◆ What you should do ◆
Reproduce every line of the data, exactly and without its pictures.
(Information provided begins)
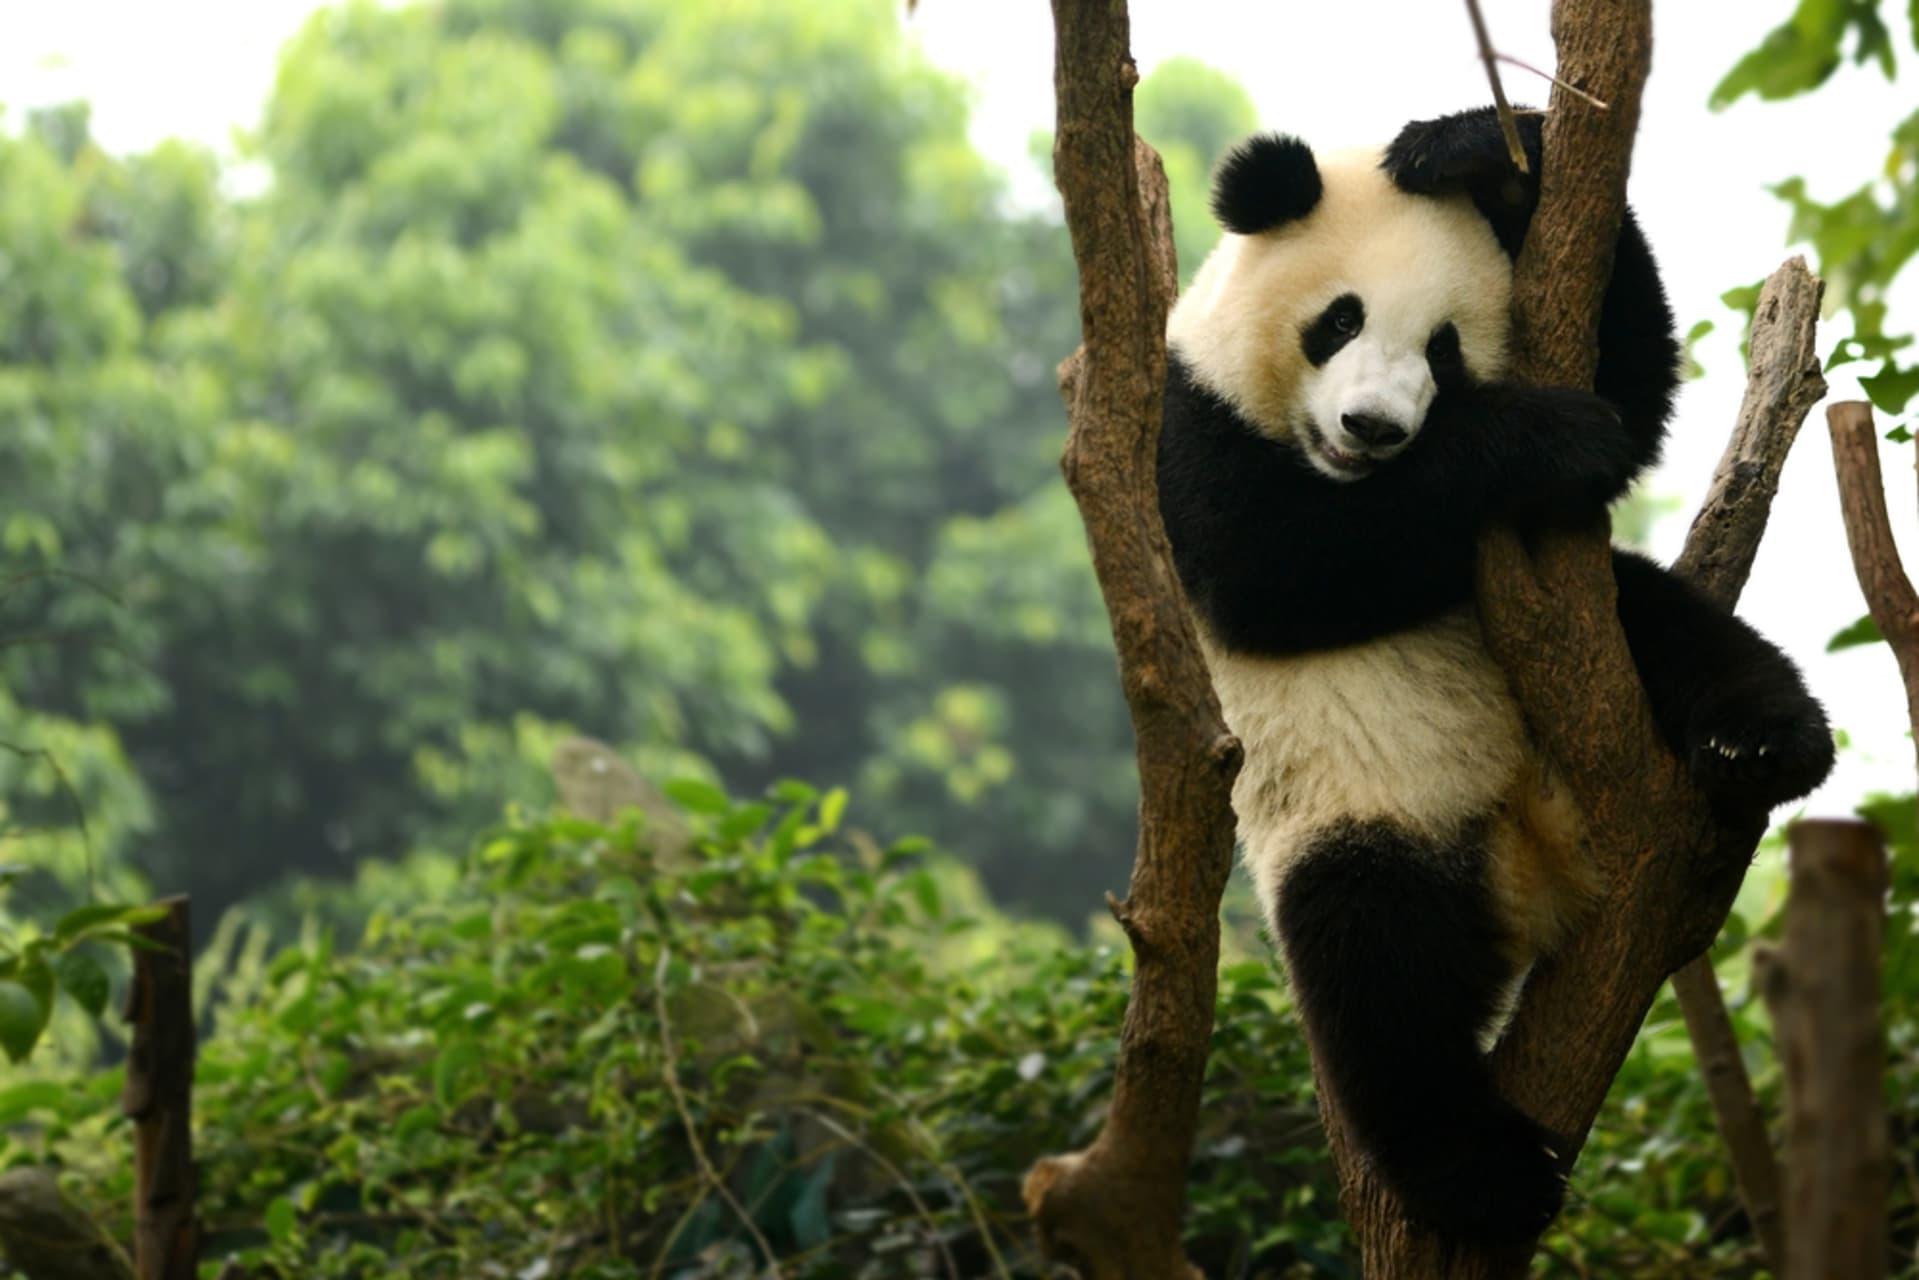 Chengdu - Chengdu Giant Pandas: Explore China's Cutest Attraction
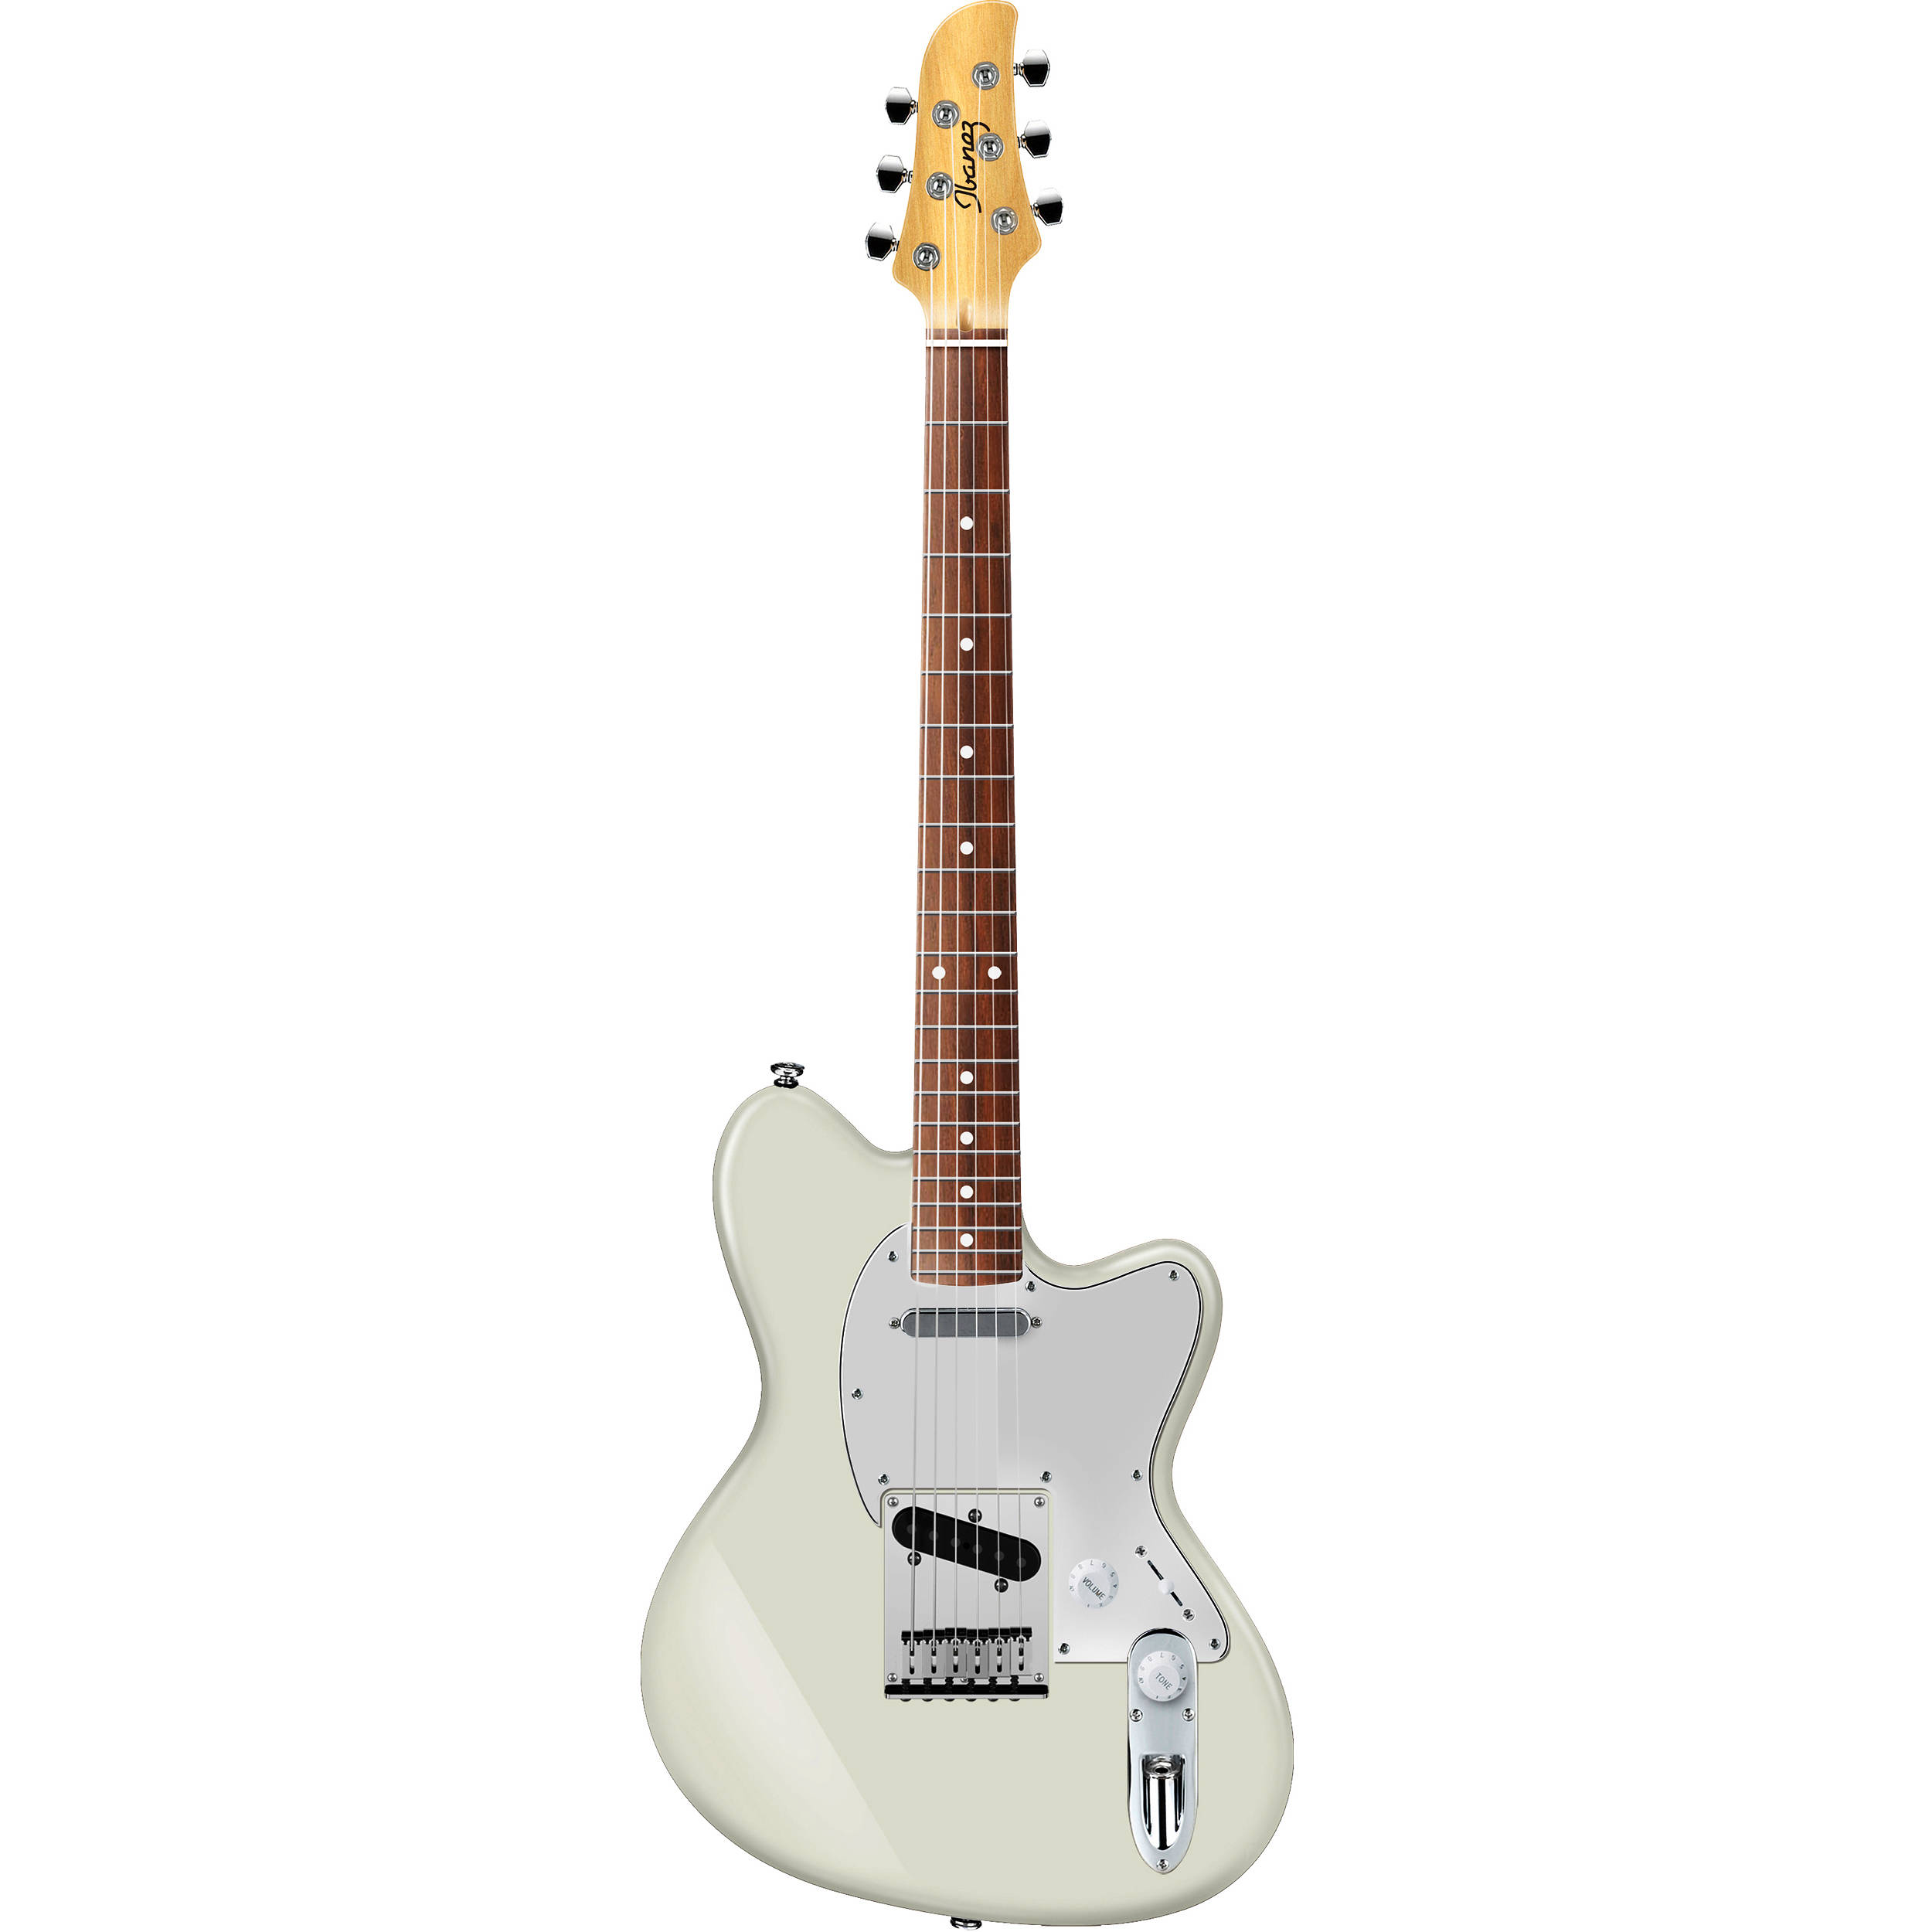 Ibanez Tm302 Talman Standard Series Electric Guitar
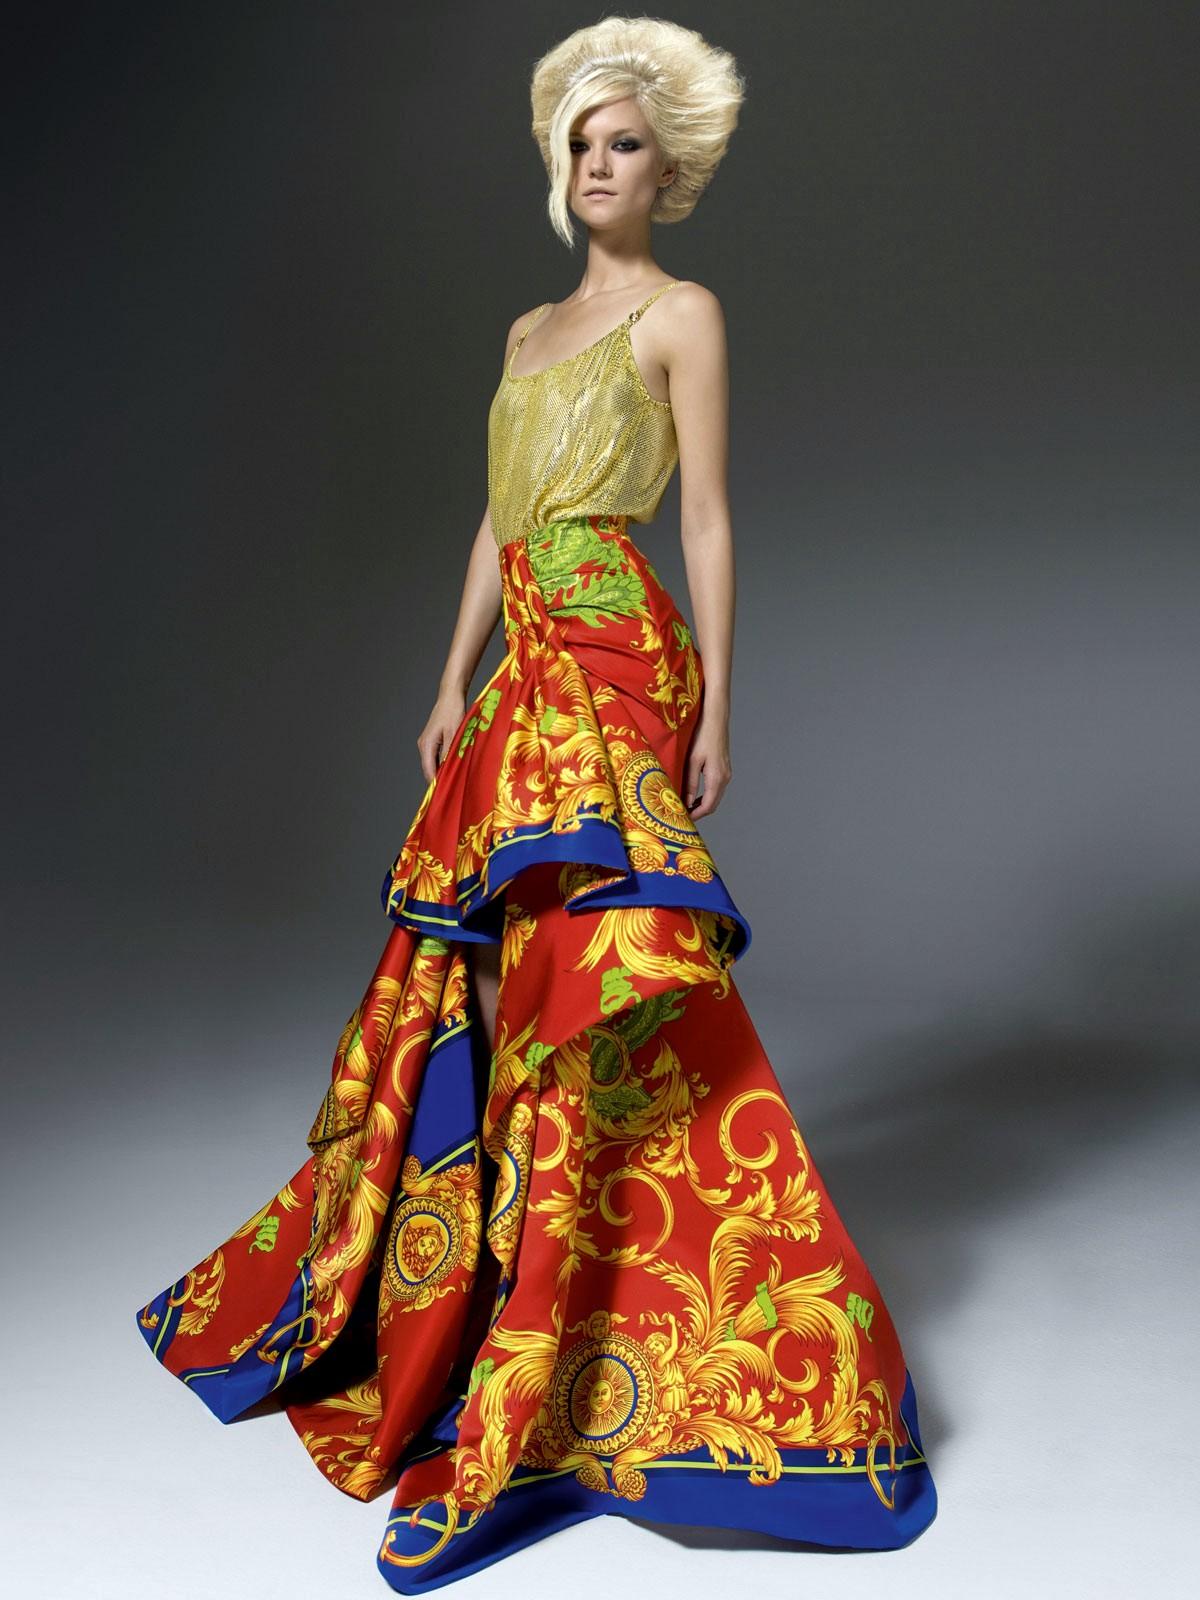 Versace Latest Clothing Men Women Trends for ladies Dresses (4)
(Information provided ends)
◆ Solution to this task ◆
 Chengdu - Chengdu Giant Pandas: Explore China's Cutest Attraction
 Ibanez Tm302 Talman Standard Series Electric Guitar
 Versace Latest Clothing Men Women Trends for ladies Dresses (4)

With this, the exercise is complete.